How to let PHP to create subdomain automatically for each user?

You're looking to create a custom A record.

I'm pretty sure that you can use wildcards when specifying A records which would let you do something like this:

*.mywebsite.com       IN  A       127.0.0.1

127.0.0.1 would be the IP address of your webserver. The method of actually adding the record will depend on your host.


Doing it like http://mywebsite.com/user would be a lot easier to set up if it's an option.

Then you could just add a .htaccess file that looks like this:

Options +FollowSymLinks

RewriteEngine On
RewriteRule ^([aA-zZ])$  dostuff.php?username=$1

In the above, usernames are limited to the characters a-z


The rewrite rule for grabbing the subdomain would look like this:

RewriteCond %{HTTP_HOST} ^(^.*)\.mywebsite.com
RewriteRule (.*)  dostuff.php?username=%1

However, you don't really need any rewrite rules. The HTTP_HOST header is available in PHP as well, so you can get it already, like

$username = strtok($_SERVER['HTTP_HOST'], ".");

The feature you are after is called Wildcard Subdomains. It allows you not have to setup DNS for each subdomain, and instead use apache rewrites for the redirection. You can find a nice tutorial here, but there are thousands of tutorials out there. Here is the necessary code from that tutorial:

<VirtualHost 111.22.33.55>
    DocumentRoot /www/subdomain
    ServerName www.domain.tld
    ServerAlias *.domain.tld
</VirtualHost>

However as it required the use of VirtualHosts it must be set in the server's httpd.conf file, instead of a local .htaccess.


I do it a little different from Mark.

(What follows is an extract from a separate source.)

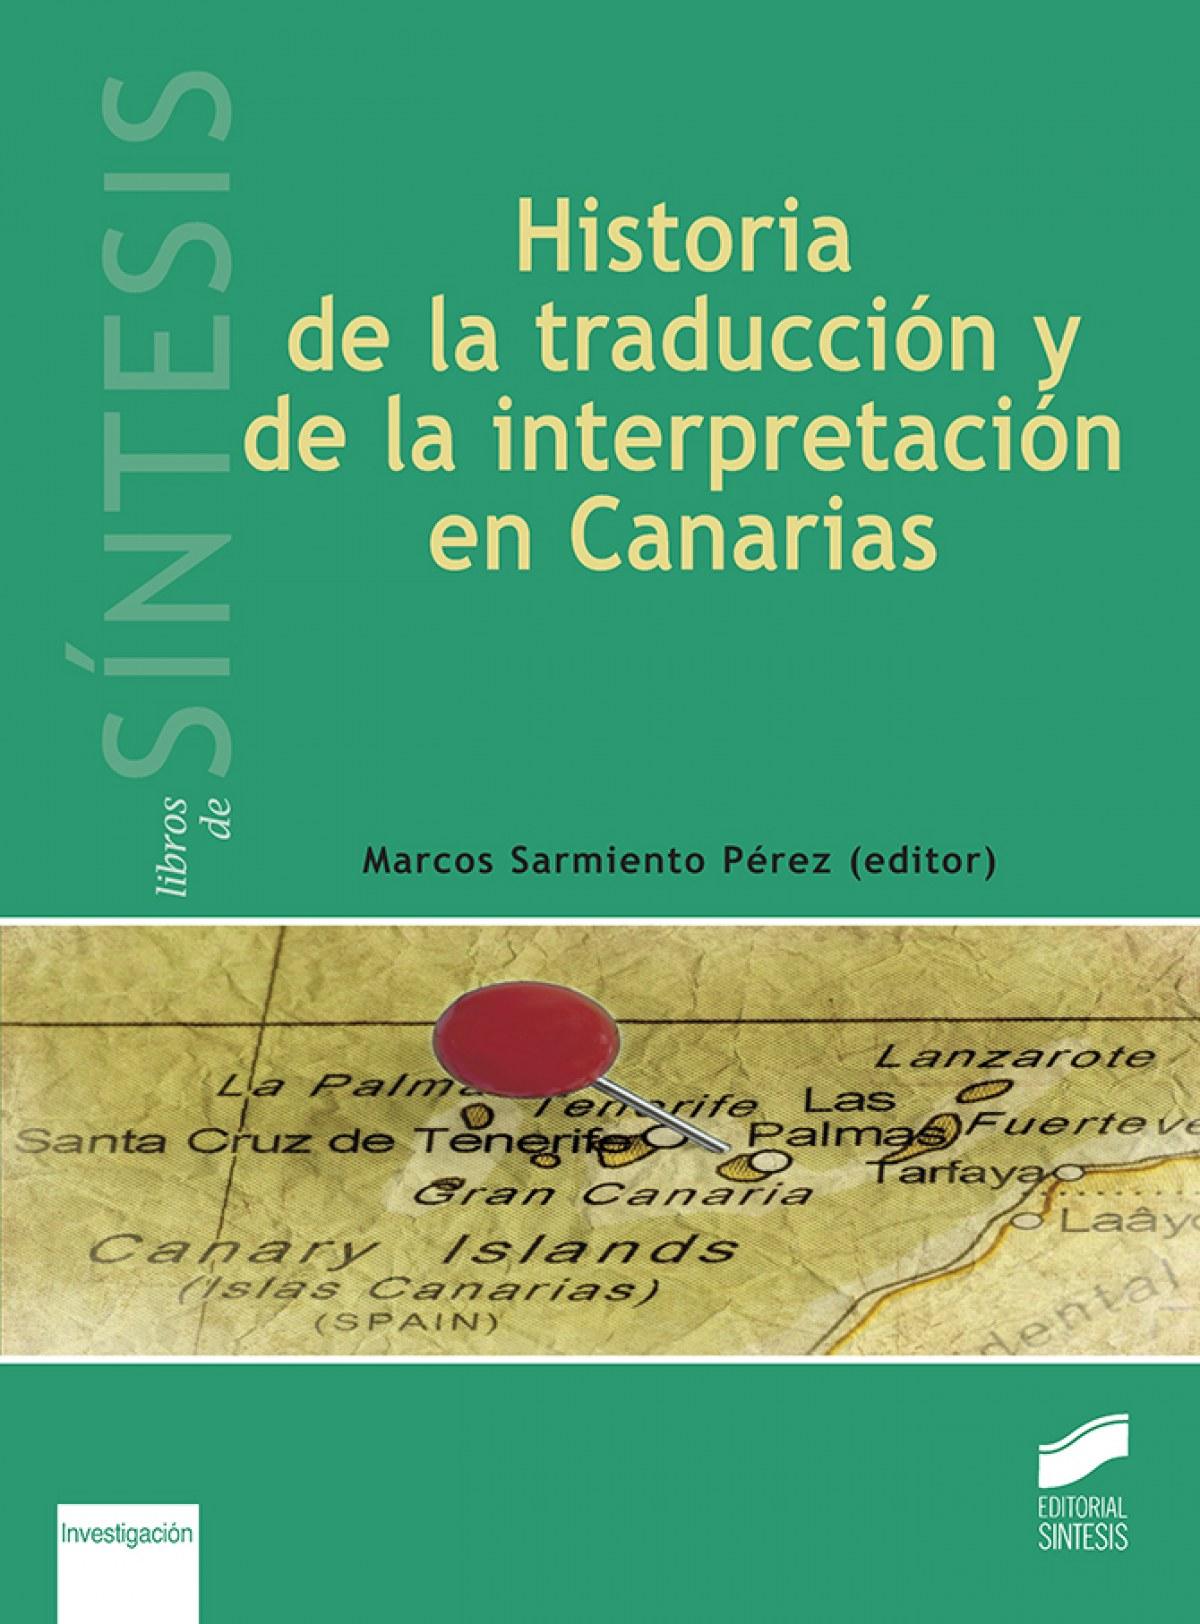 HISTORIA LA TRADUCCION Y LA INTERPRETACION EN CANARIAS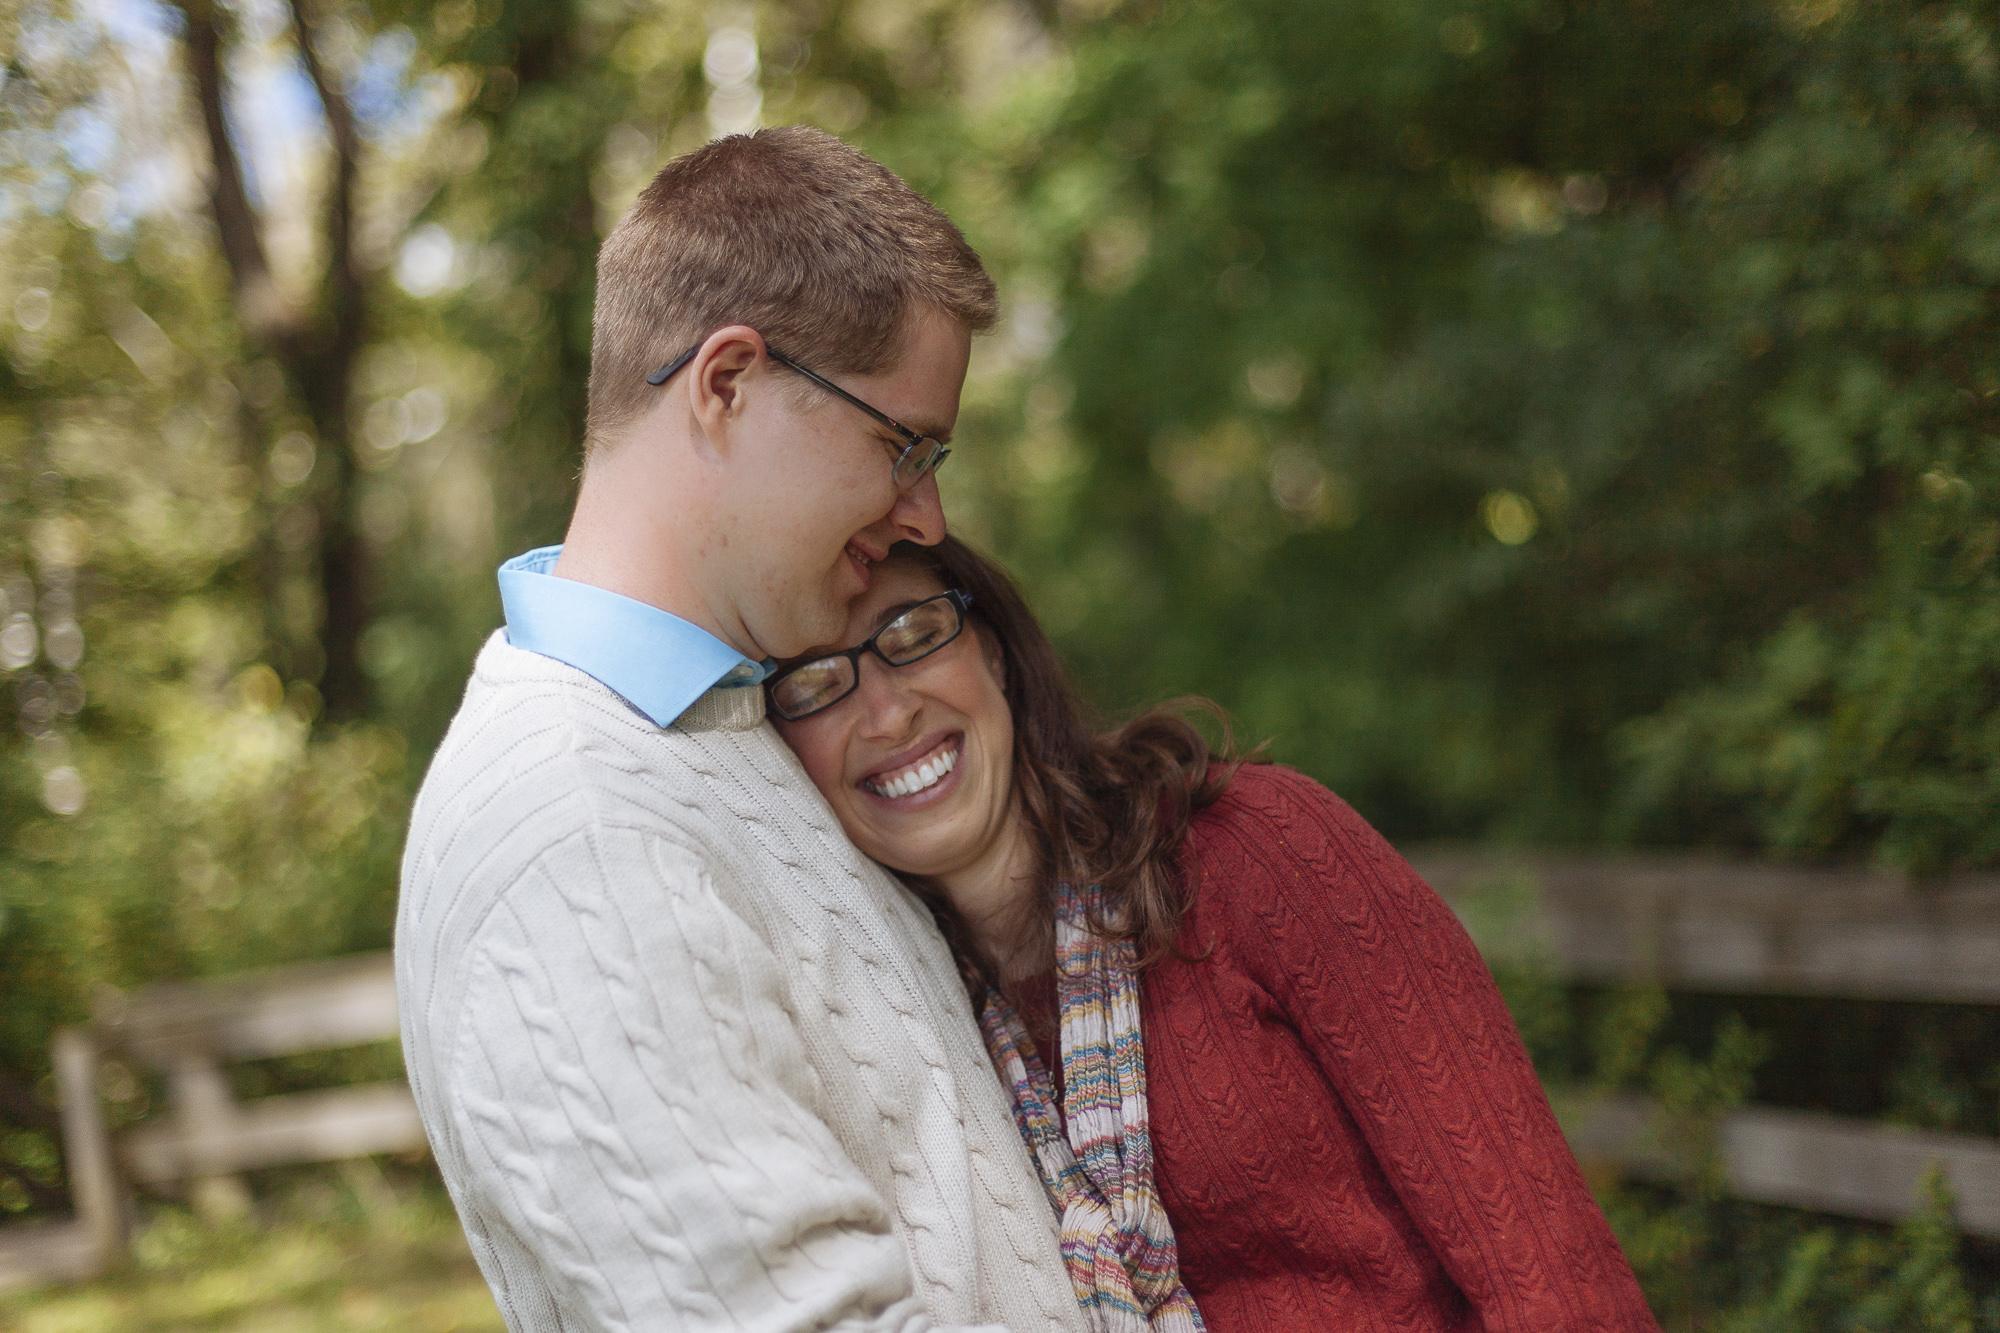 warm-embrace-park-couple.jpg

I pass the entire domain and grab the subdomain in php.

RewriteCond {REQUEST_URI} !\.(png|gif|jpg)$
RewriteCond %{REQUEST_FILENAME} !-f
RewriteRule ^(.*)$ /index.php?uri=$1&hostName=%{HTTP_HOST}

This ignores images and maps everything else to my index.php file. So if I go to

http://fred.mywebsite.com/album/Dance/now

I get back

http://fred.mywebsite.com/index.php?uri=album/Dance/now&hostName=fred.mywebsite.com

Then in my index.php code i just explode my username off of the hostName. This gives me nice pretty SEO URLs.


We setup wildcard DNS like they explained above. So the a record is *.yourname.com

Then all of the subdomains are actually going to the same place, but PHP treats each subdomain as a different account.

We use the following code:

$url=$_SERVER["REQUEST_URI"];
$account=str_replace(".yourdomain.com","",$url);

This code just sets the $account variable the same as the subdomain. You could then retrieve their files and other information based on their account.

This probably isn't as efficient as the ways they list above, but if you don't have access to BIND and/or limited .htaccess this method should work (as long as your host will setup the wildcard for you).

We actually use this method to connect to the customers database for a multi-company e-commerce application, but it may work for you as well.